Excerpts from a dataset
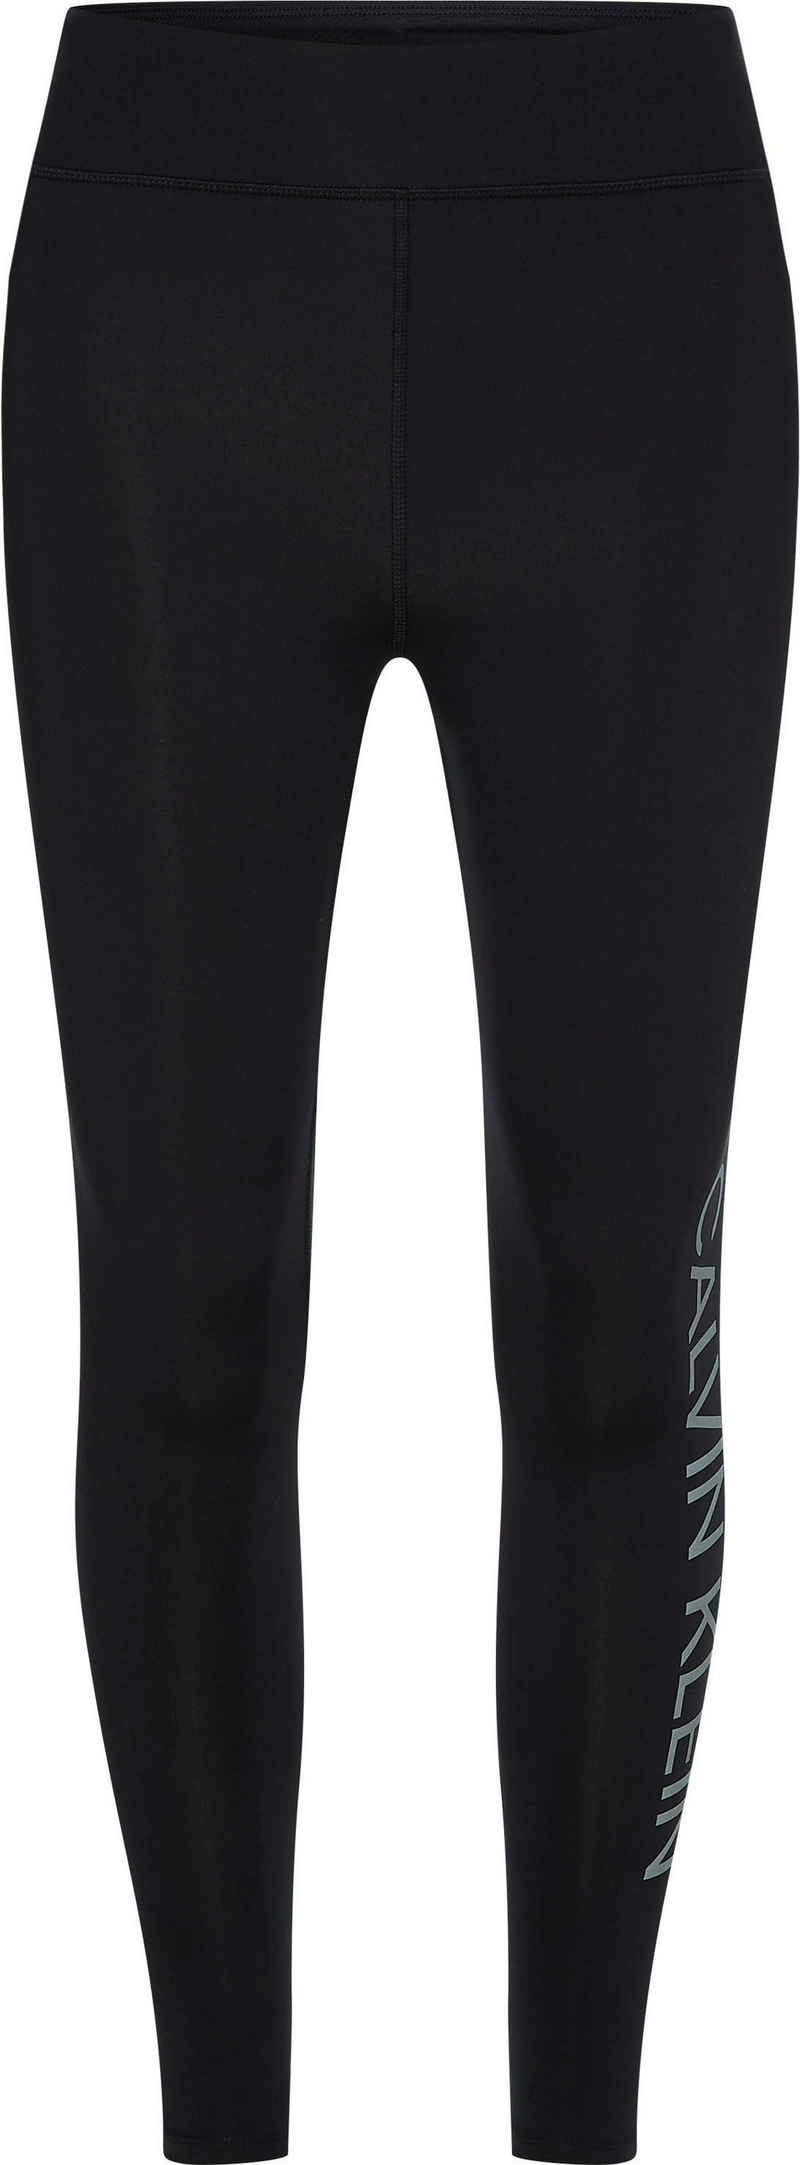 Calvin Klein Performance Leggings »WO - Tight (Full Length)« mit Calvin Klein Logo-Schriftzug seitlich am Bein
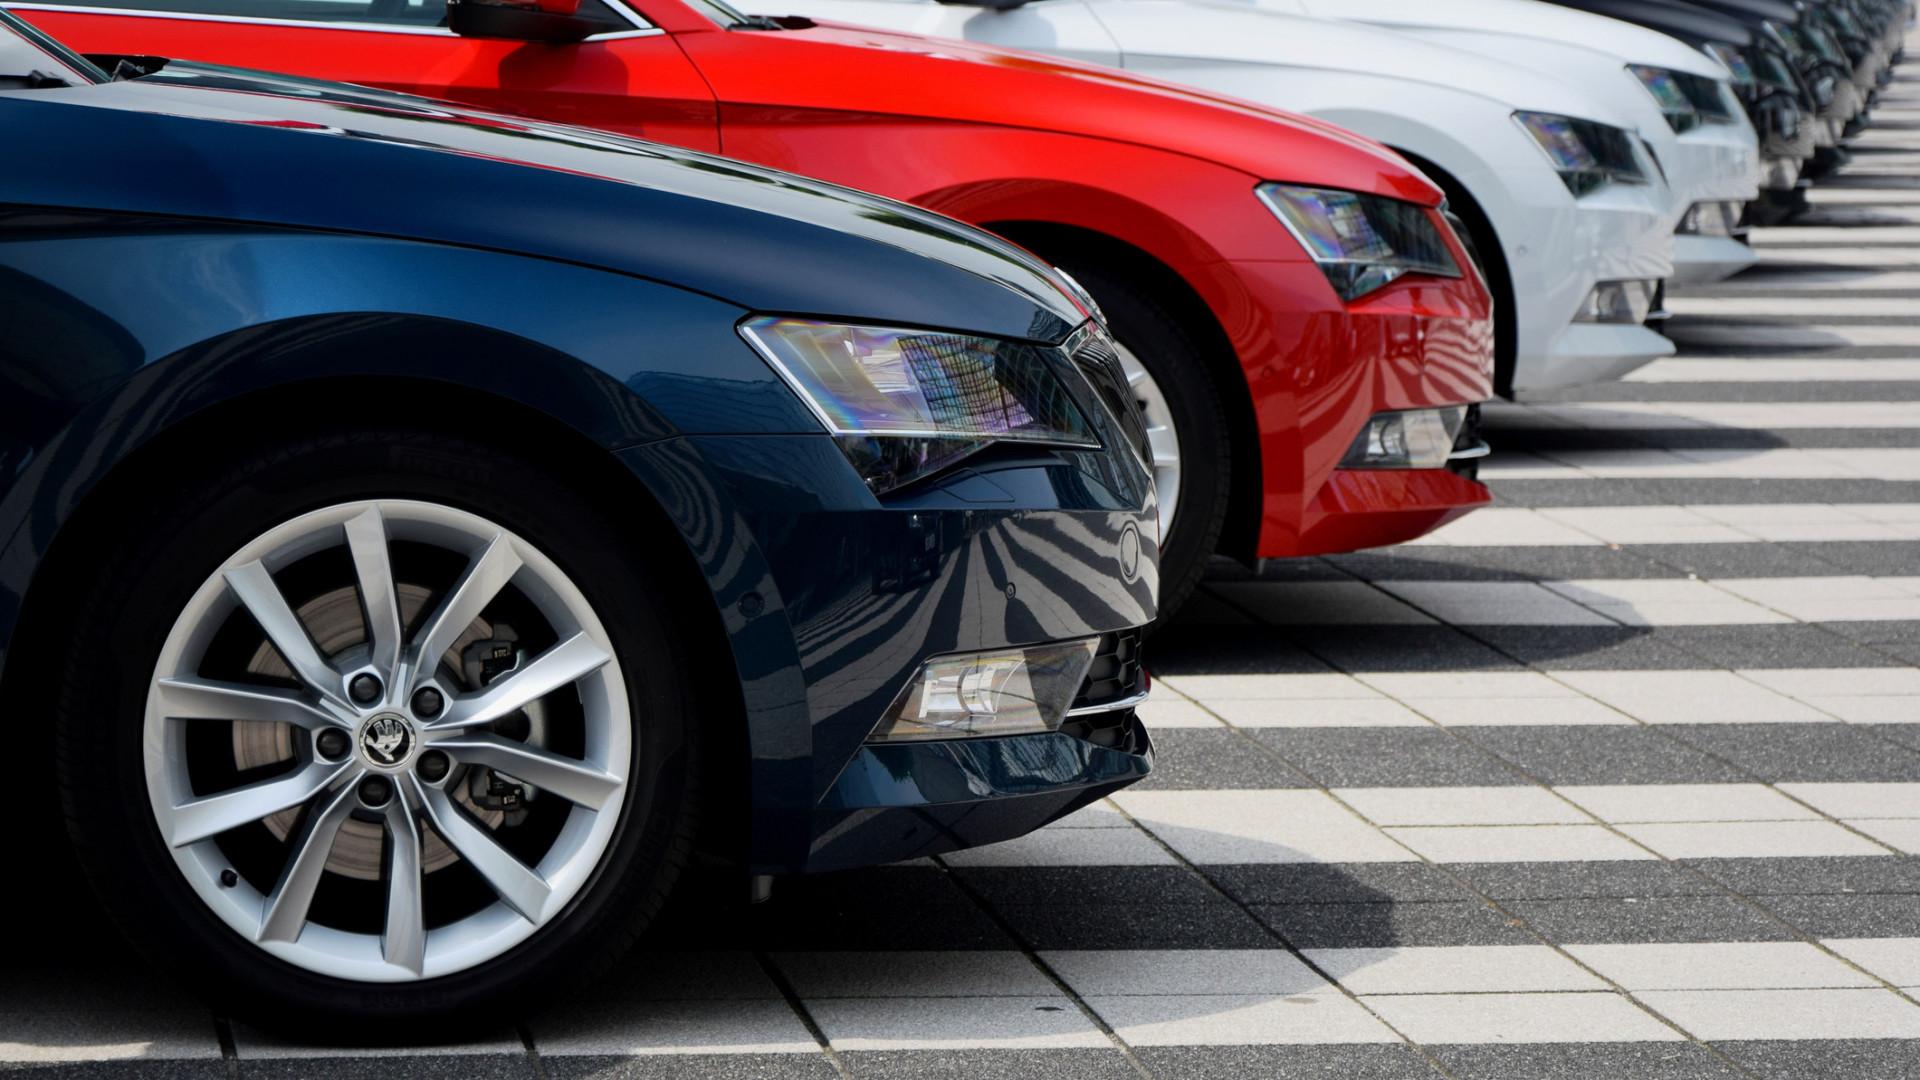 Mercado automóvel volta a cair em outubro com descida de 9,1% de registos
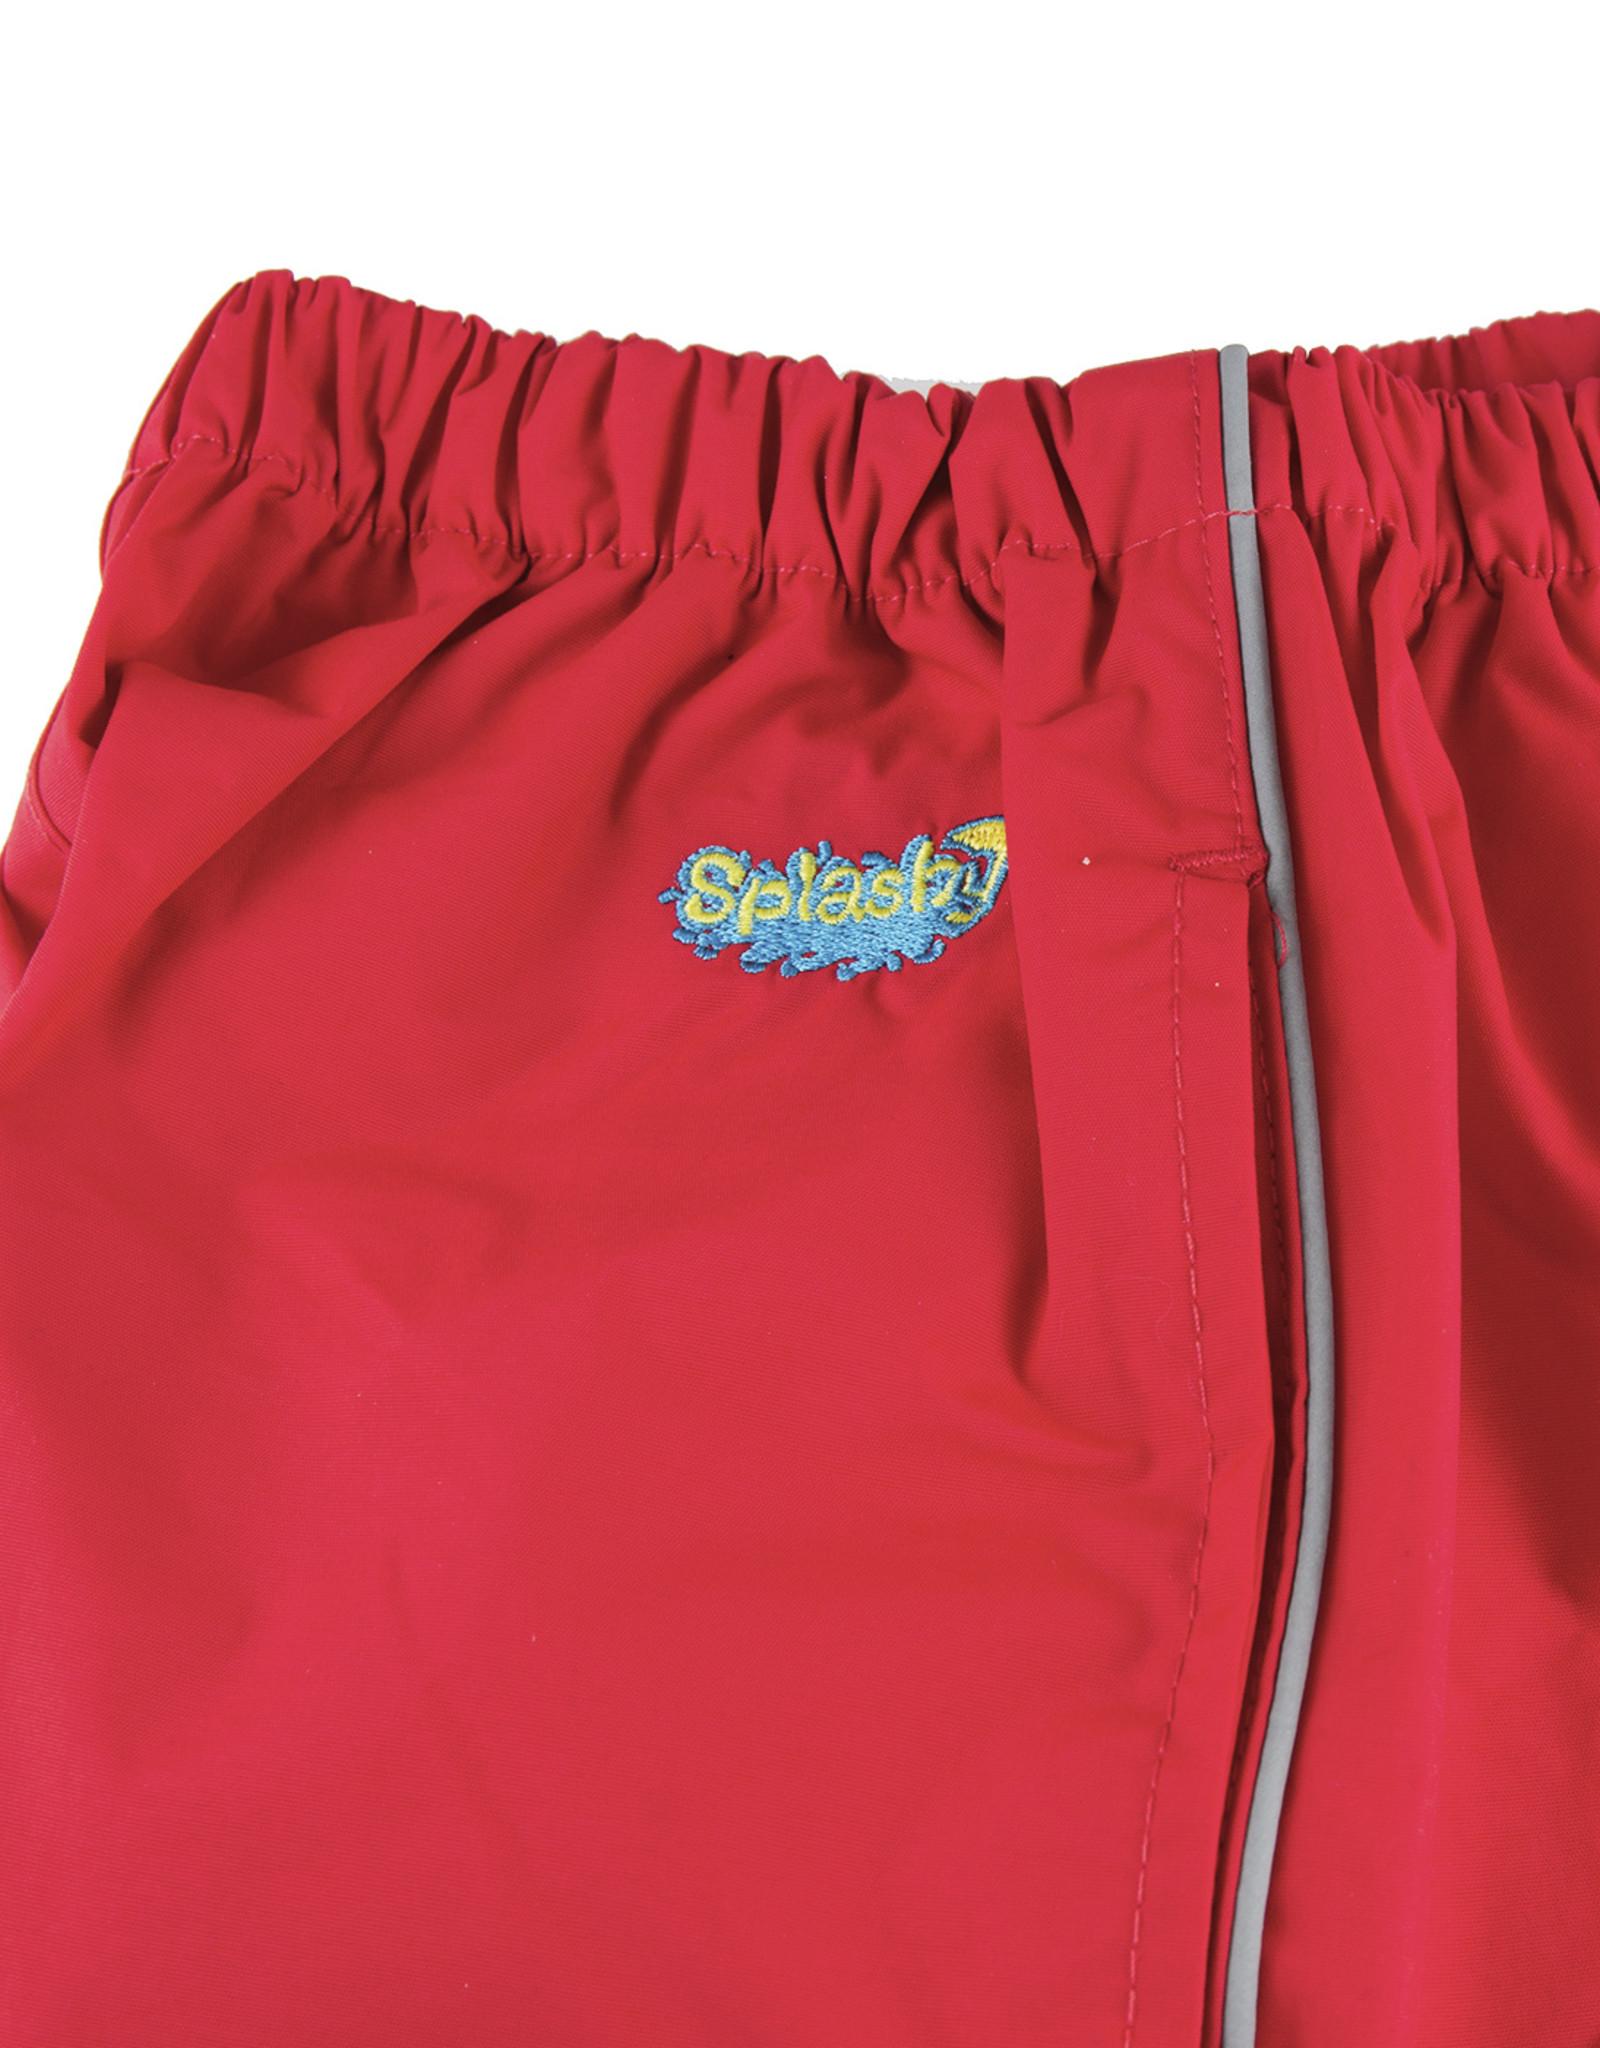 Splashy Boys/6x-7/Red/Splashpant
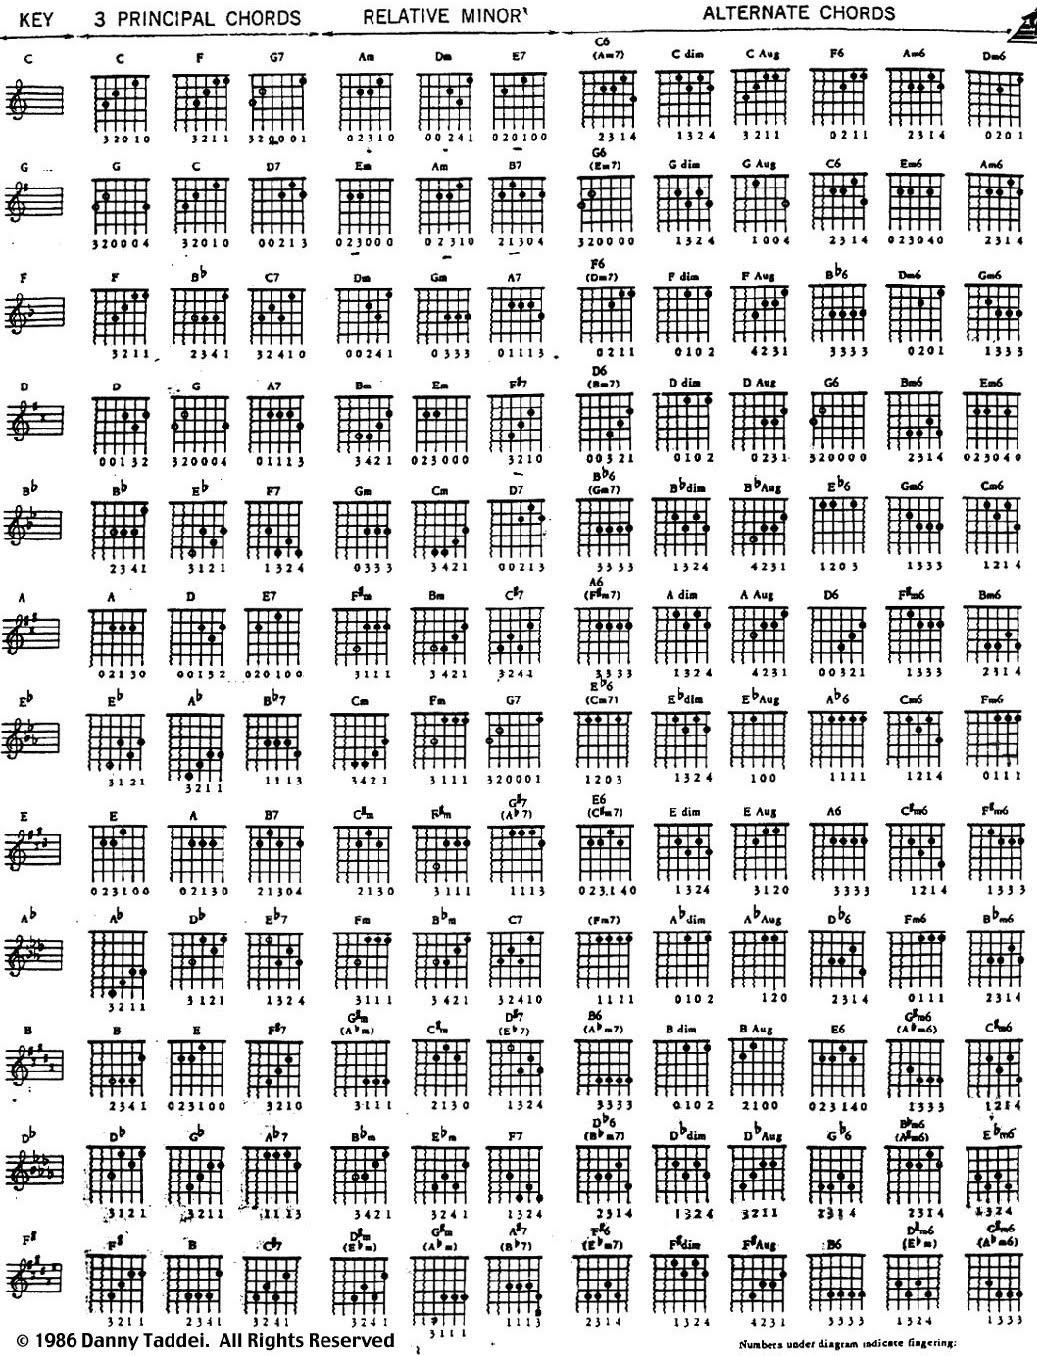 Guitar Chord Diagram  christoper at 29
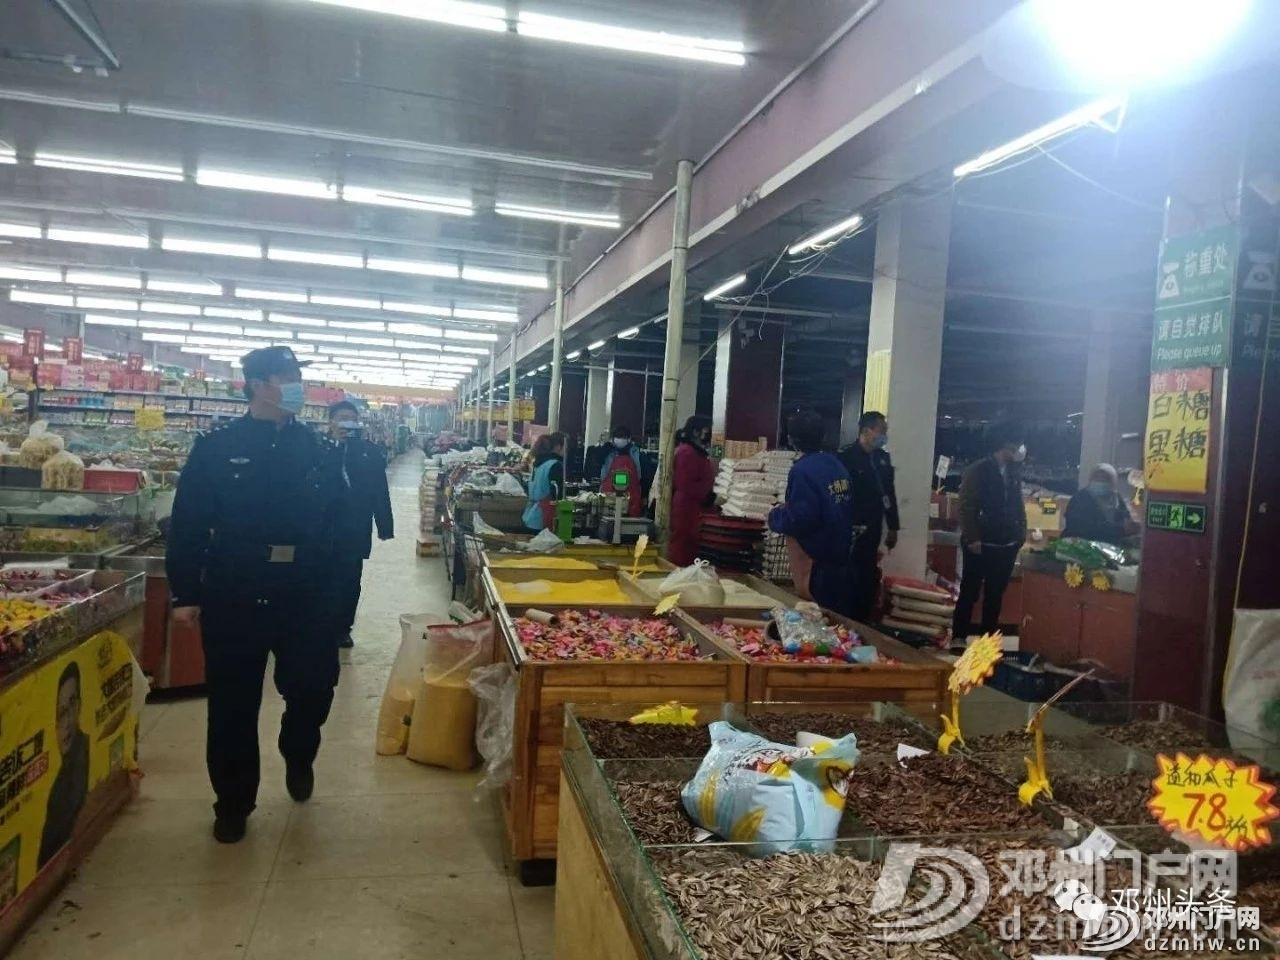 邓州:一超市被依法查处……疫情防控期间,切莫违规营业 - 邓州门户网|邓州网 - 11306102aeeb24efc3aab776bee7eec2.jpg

### What is being asked
Set down exactly the lines from the start of the records through the line containing "Guitar Chord Diagram", both included, and omit the pictures.

### Task response
 Calvin Klein Performance Leggings »WO - Tight (Full Length)« mit Calvin Klein Logo-Schriftzug seitlich am Bein
 Mercado automóvel volta a cair em outubro com descida de 9,1% de registos
 Splashy Boys/6x-7/Red/Splashpant
 Guitar Chord Diagram  christoper at 29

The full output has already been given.